We will just have to agree to disagree on the competition ball issue vis-a-vis Augusta. I will always believe it is inconceivable that every single golf ball manufacturer would opt out of a potential association with the Masters.

But, I am curious about your use of the word "destruction". Are you saying that for the privilege of playing longer balls, consumers are not only paying higher absolute prices but also forking over more margin dollars to manufacturers?
« Last Edit: December 31, 1969, 07:00:00 PM by 1056376800 »
Tim Weiman

TEPaul

Re: Ok, what's the skinny with the new tees at Oak
« Reply #27 on: March 15, 2003, 09:35:37 PM »
Tim Weiman said;

"Tom Paul:
If memory serves, last year's Masters issue in Golf Digest was where Whitten raised the issue of moving the 13th green complex about 50 or 60 yards. It wasn't clear where the idea came from, but I recall Whitten saying something like Fazio could recreate a near exact replica of the entire existing green complex.

If that isn't a sign of technology out of control, I don't know what is."  

Tim:

If that isn't f....ing pathetic I don't know what is.

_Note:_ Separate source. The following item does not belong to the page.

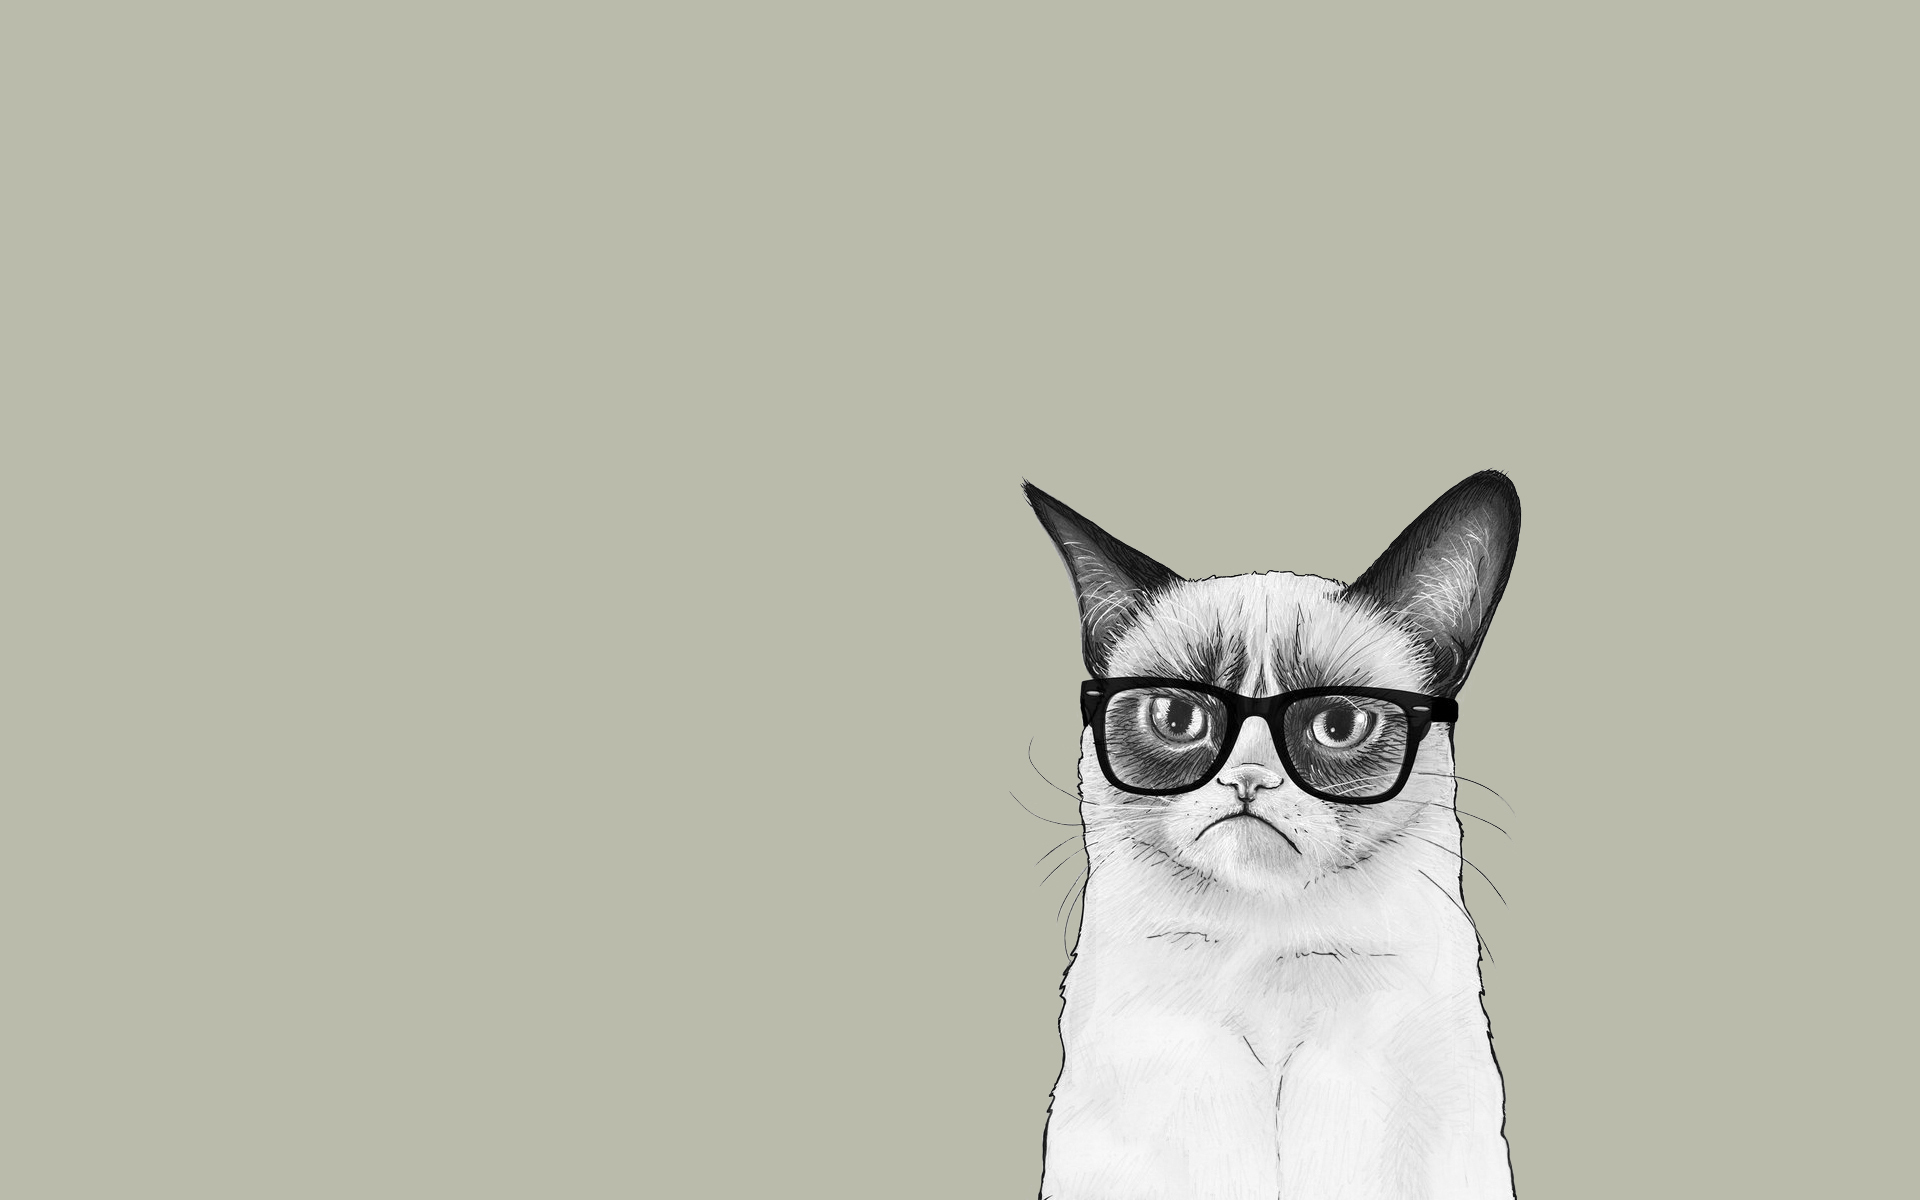 Halloween Black Cat Wallpaper Free Minimal Hd Wallpapers Pixelstalk Net

And 50-60yds too!

Again, I don't know much about Ron Whitten but if he really said that I have no real respect for his opinion on classic golf holes and ANGC's #13 is about as classic as it can get.
 
 
« Last Edit: December 31, 1969, 07:00:00 PM by 1056376800 »

TEPaul

Re: Ok, what's the skinny with the new tees at Oak
« Reply #28 on: March 15, 2003, 10:02:23 PM »
Forrest Richardson said:

"What makes the changes in, let's say 1922, any better than changes in, let's say 2002? If I found a living ancestor of the Fownes and he/she said "OK" would that matter?

I'll say it again: Oakmont was/is/will (hopefully) be all about change.

Forrest:

That particular question is what it's all about when we discuss real classic and famous architecture as Oakmont obviously is. I'm sort of with Mark Fine on this that tee length expansion although somewhat concerning is far less so than when architects get into altering the "bodies" of classic, historic golf holes, thier features, and certainly their greens and green-ends.

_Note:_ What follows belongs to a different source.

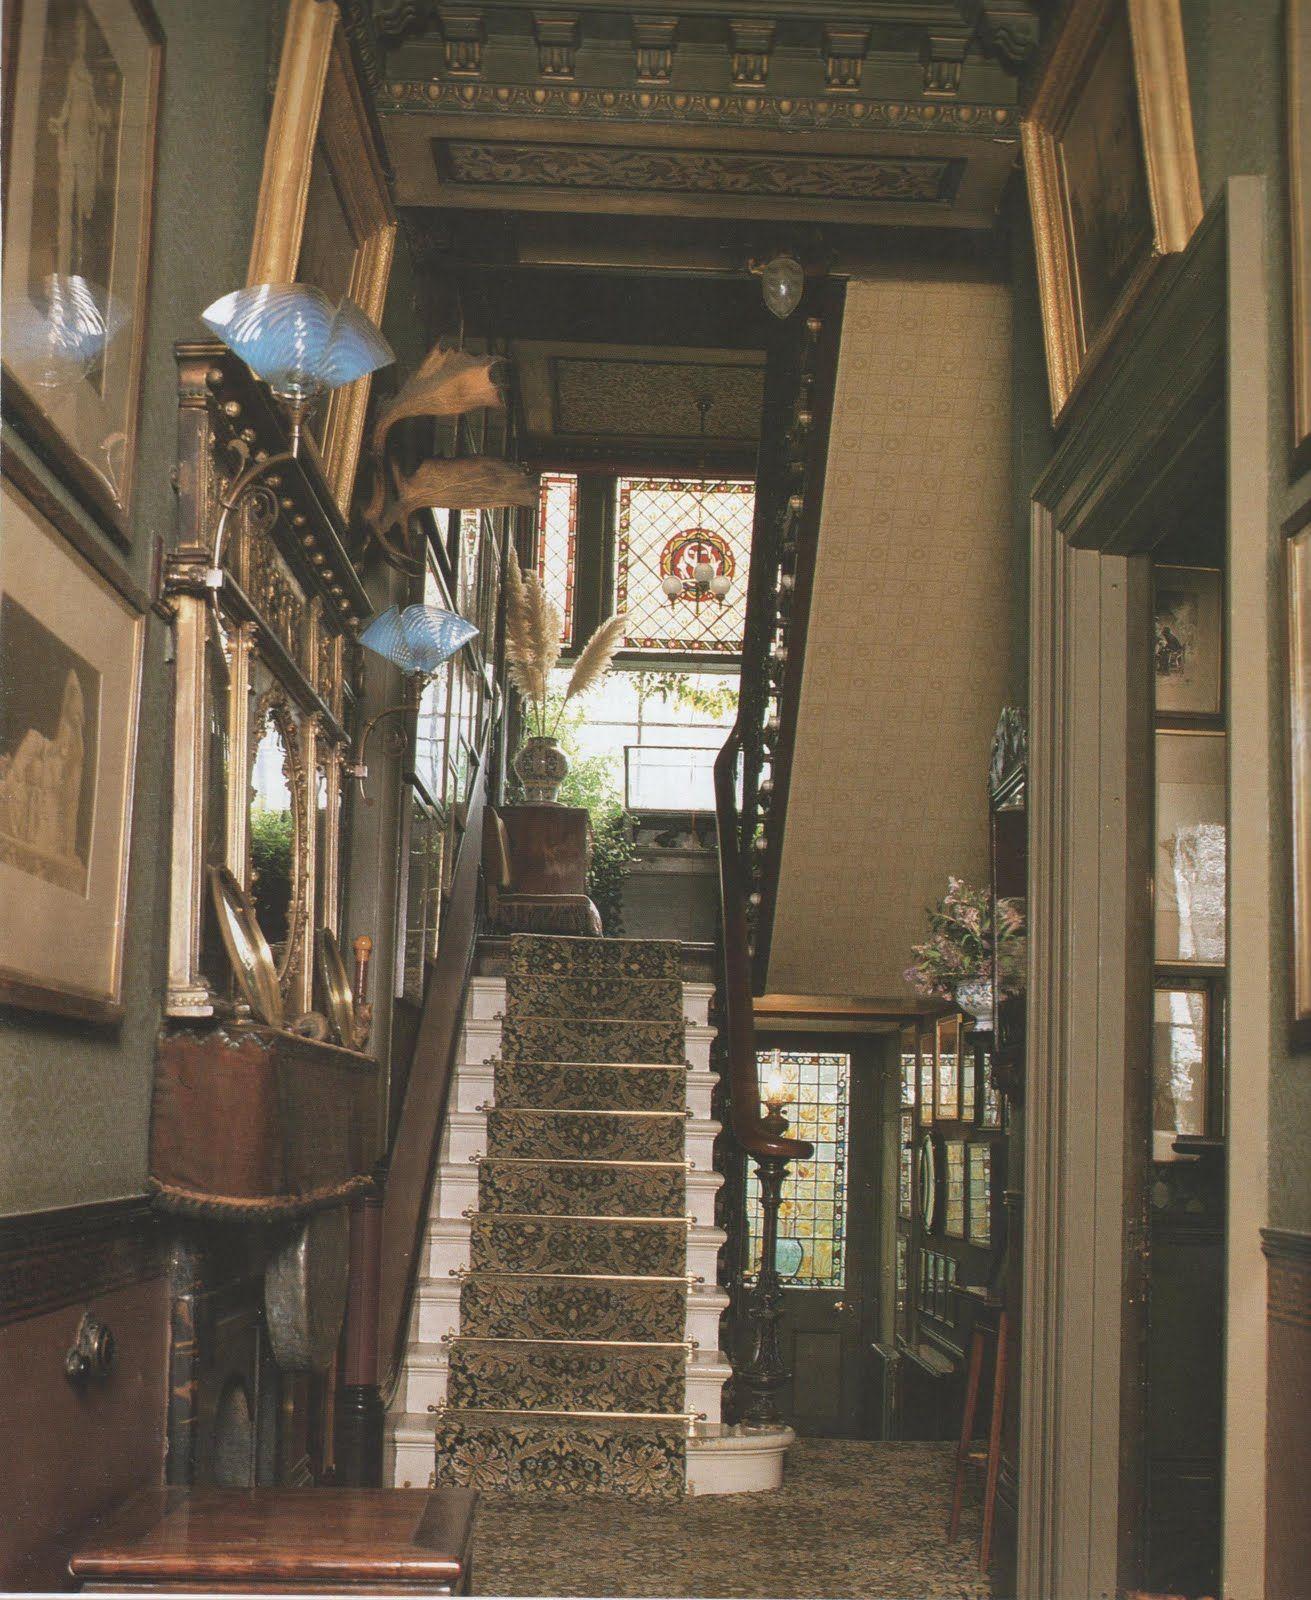 Victorian Literature: A Victorian

Eventually one should draw the line on this issue, particularly on courses that have great architecture and real history to boot. Certainly I'm particularly talking about courses such as TOC, Pine Valley, Merion, Cypress, Pebble, NGLA, Shinnecock and Oakmont.

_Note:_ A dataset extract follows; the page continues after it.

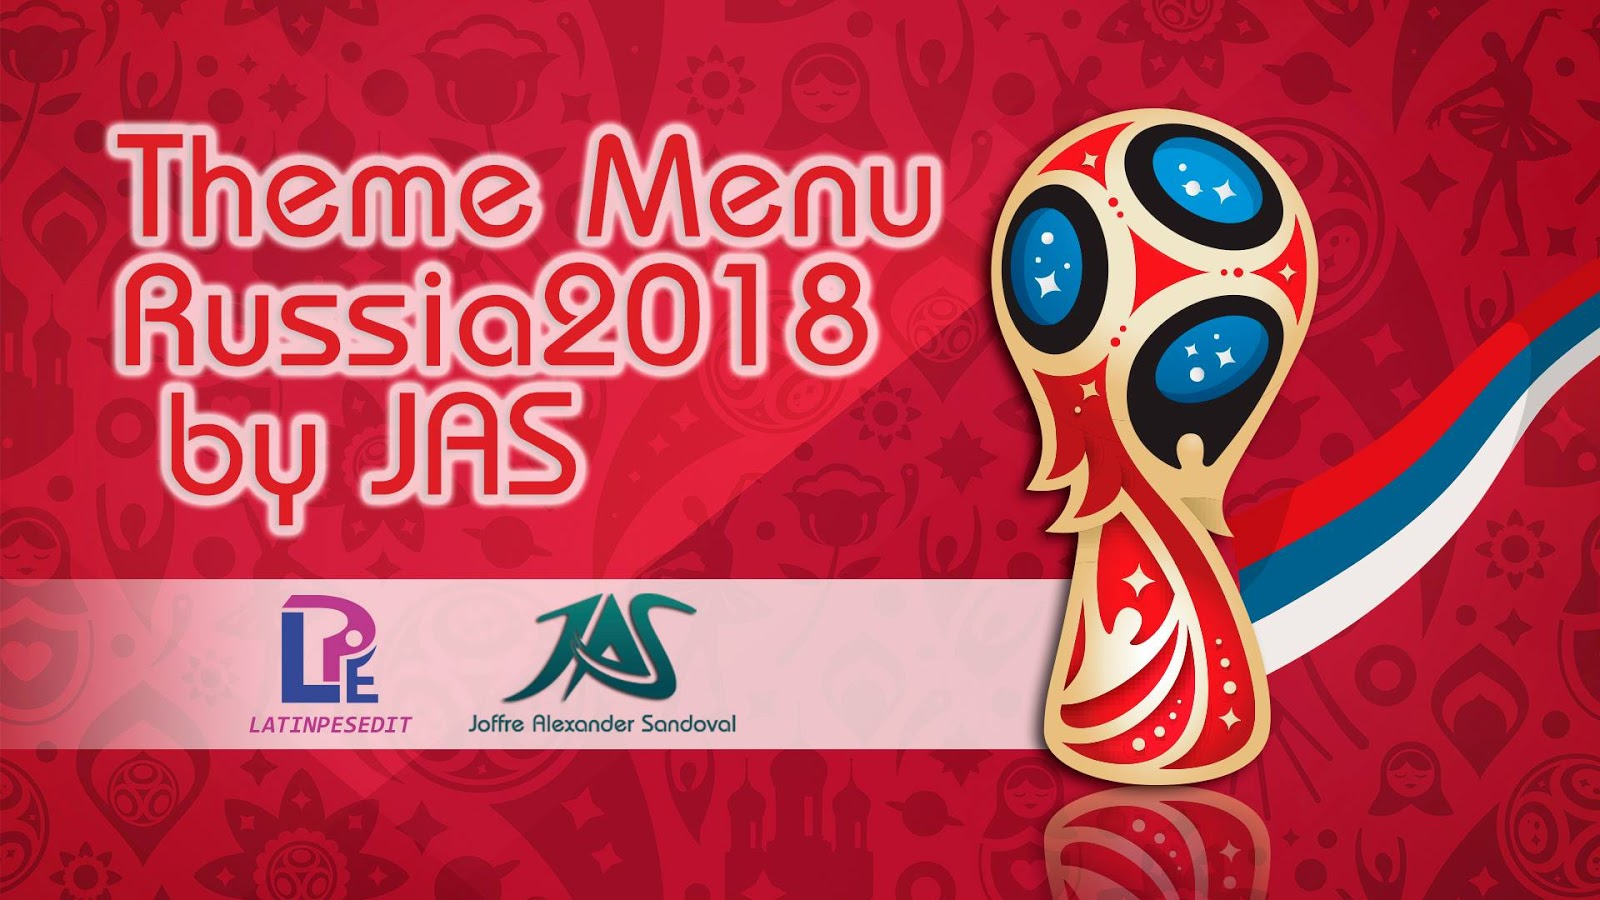 PES 2018 Theme Menu Russia 2018 by JAS

I'll give you the classic example. I've come upon a bunch of documented evidence of what George Crump was planning to do with Pine Valley (had he lived). Some of what he did before he died he considered temporary, and clearly planned to change it had he lived. Some of the changes were significant. Some of it was done back in 1922 because the club was well aware of what he wanted to do.

But other things were not done and generally they weren't done back then because it would have been too expensive back then.

The club can certainly afford to do those things now but should they? I've asked a lot of people, and many I really really respect if they thought those things should be done now and every single one of them said--No way!!

I have to agree wholeheartely. Why? Because some of these courses have so much history into the way they are--if they work or even if some things don't completely they deserve now to be preserved. I think even people like Crump and Fownes, if they could come back now would agree too. What they thought way back when well before a course had all this history and "time in" and what they might think now might be very different.

The thing we should understand is they didn't have the luxury of looking into the future but we sure can look back into the past and we sure can look at the history of it all--something they couldn't do.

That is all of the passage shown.